Tuesday, June 09, 2015
Book #160
In the early 19th Century, these Italian paper-covered books had an even more abbreviated stitching, and were not bound through a wrapper. Adhesive was used to consolidate the signatures and the covers were pasted directly to the spine of the textblock.
Monday, June 08, 2015
Book #159
Using a similar abbreviated sewing pattern as yesterday's book, this is another example where the book is sewn through a primary wrapper and then the primary wrapper is covered in a secondary paste-paper wrapper.
Sunday, June 07, 2015
Book #158
Later in the 18th Century, the Italian longstitch became even more abbreviated and was sewn through one primary wrapper of stiff paper. The sewing almost looks incomplete or unplanned at this point in its evolution. My previous examples were all made with four signatures, but I used six signatures for this one to make the stitching pattern more repetitive - but I think it still looks incomplete!
Saturday, June 06, 2015
Book #157
The paper-covered Italian longstitch bindings underwent some evolution and in the 17th and 18th Centuries, the sewing patterns became somewhat abbreviated. This is an example of the abbreviated sewing seen during that time. Other features that were seen were wrap-around endleaves and decorative paste-paper wrappers; this example has both.
Friday, June 05, 2015
Book #156
Today's book is another example of a paper-covered binding from 16th-17th Century Italy. It is bound using the same sewing technique, but this version has only a primary wrapper so the stitching remains visible.
Thursday, June 04, 2015
Book #155
The book I made for today is an example of a 16th-17th Century Italian paper covered binding where the signatures were sewn using a type of longstitch sewing through a primary wrapper then covered with a decorative secondary wrapper. I scanned and printed a woodblock design from that period and used it on my secondary wrapper.

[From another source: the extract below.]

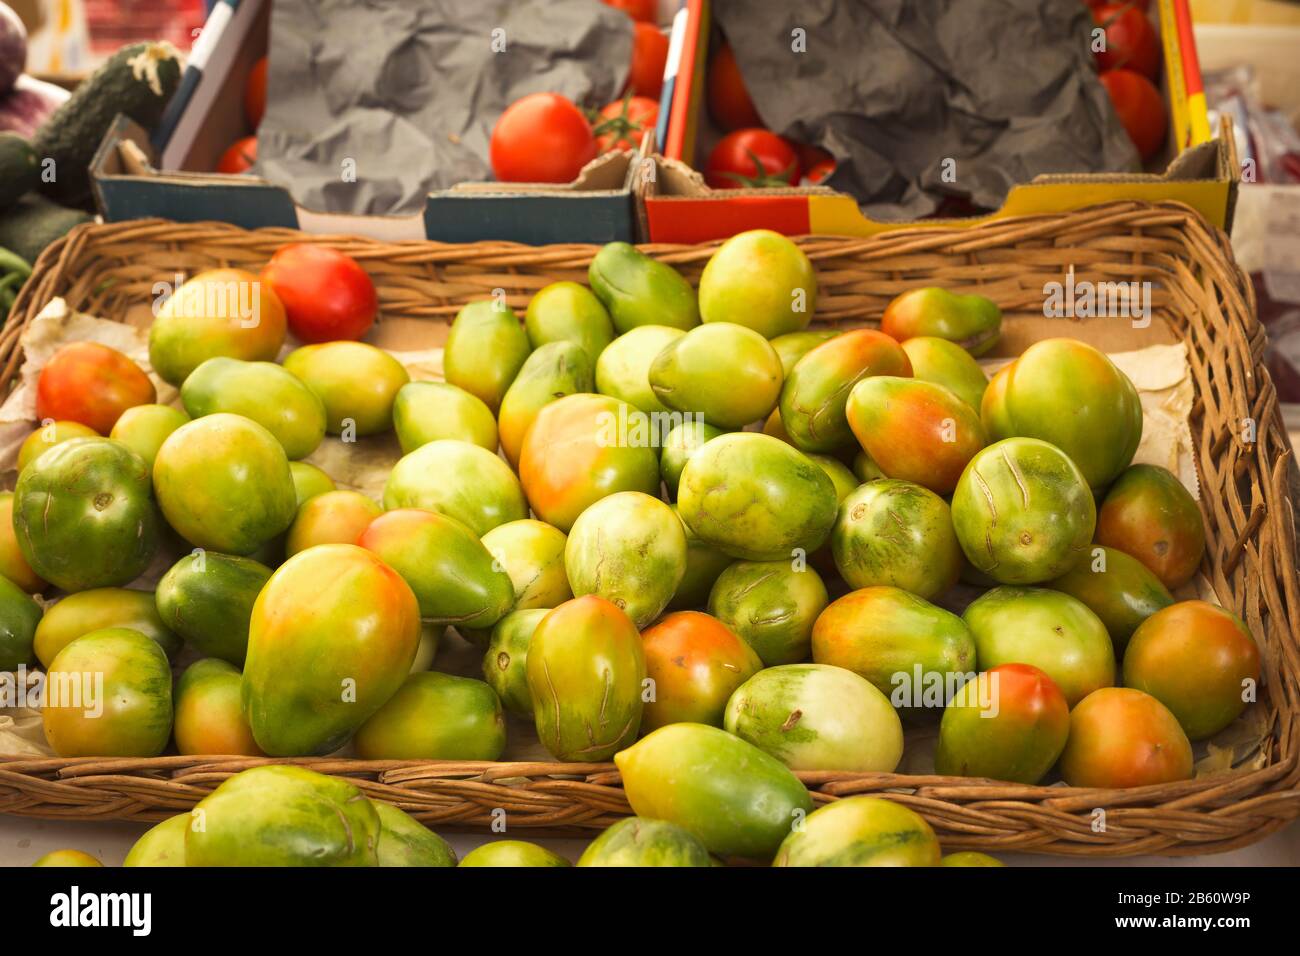 close-up pile of tomatoes in a wicker basket at the market Stock Photo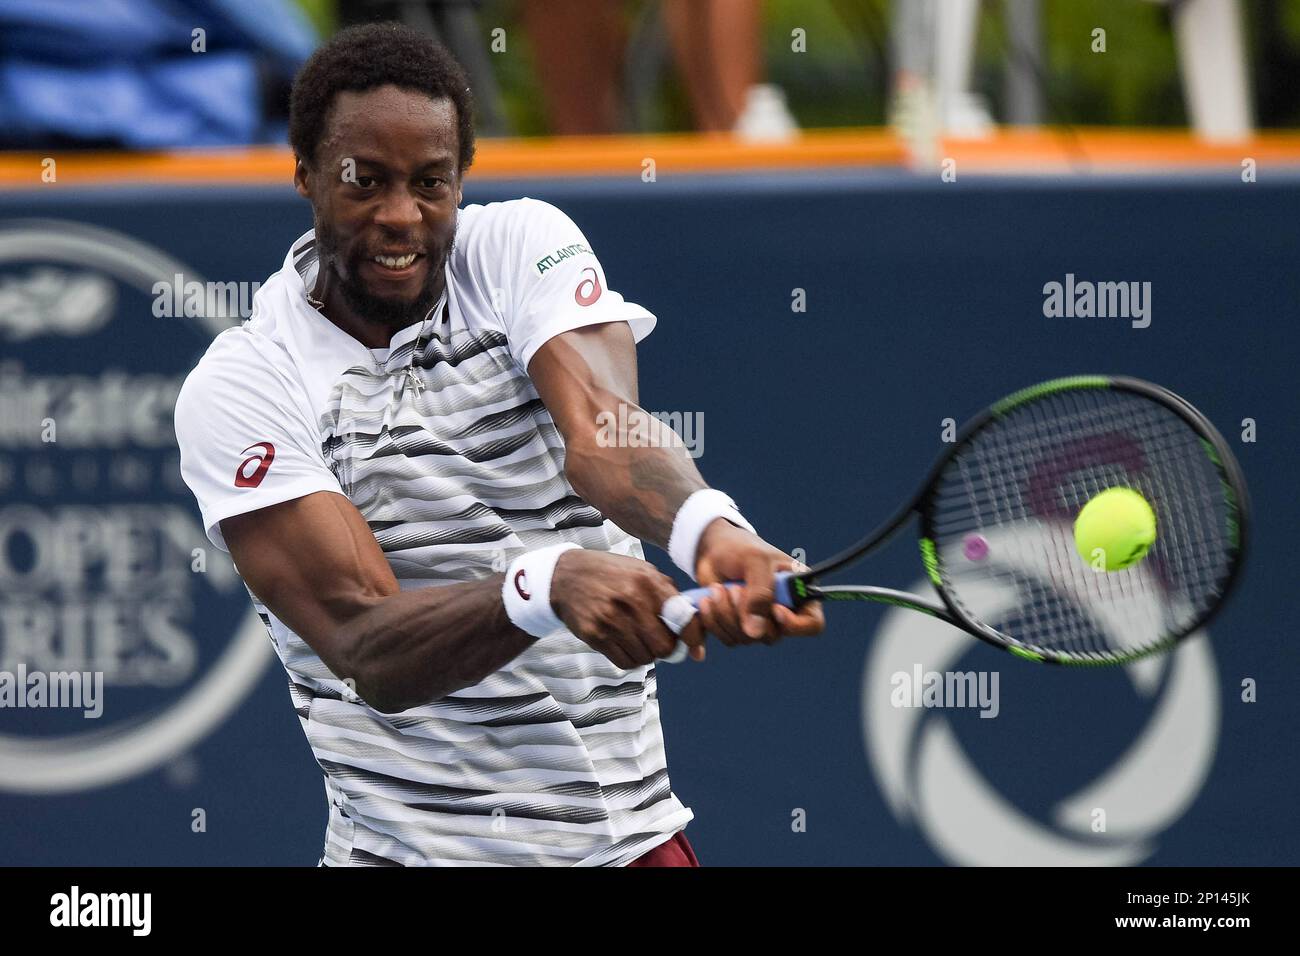 July 28, 2016: Gael Monfils of France returns the ball to David Goffin of  Belgium during their third round match of the Rogers Cup tournament at the  Aviva Centre in Toronto, Ontario,

There are a number of variations of this binding which I will show over the next few days. The models that I am making for these various Italian paper-covered, or limp paper case, bindings are based on information compiled by Maria Fredericks, which she shared with participants at PBI in 2012.
Wednesday, June 03, 2015
Book #154
Another of Smith's 3-section sewings today, paired diagonals, which rather looks like a two-section binding, but it is actually three.
Tuesday, June 02, 2015
Monday, June 01, 2015
Book #152
Although this is not technically a pamphlet stitch, it still falls into that general category, in my mind. This is described by Keith Smith as a 2-section running stitch.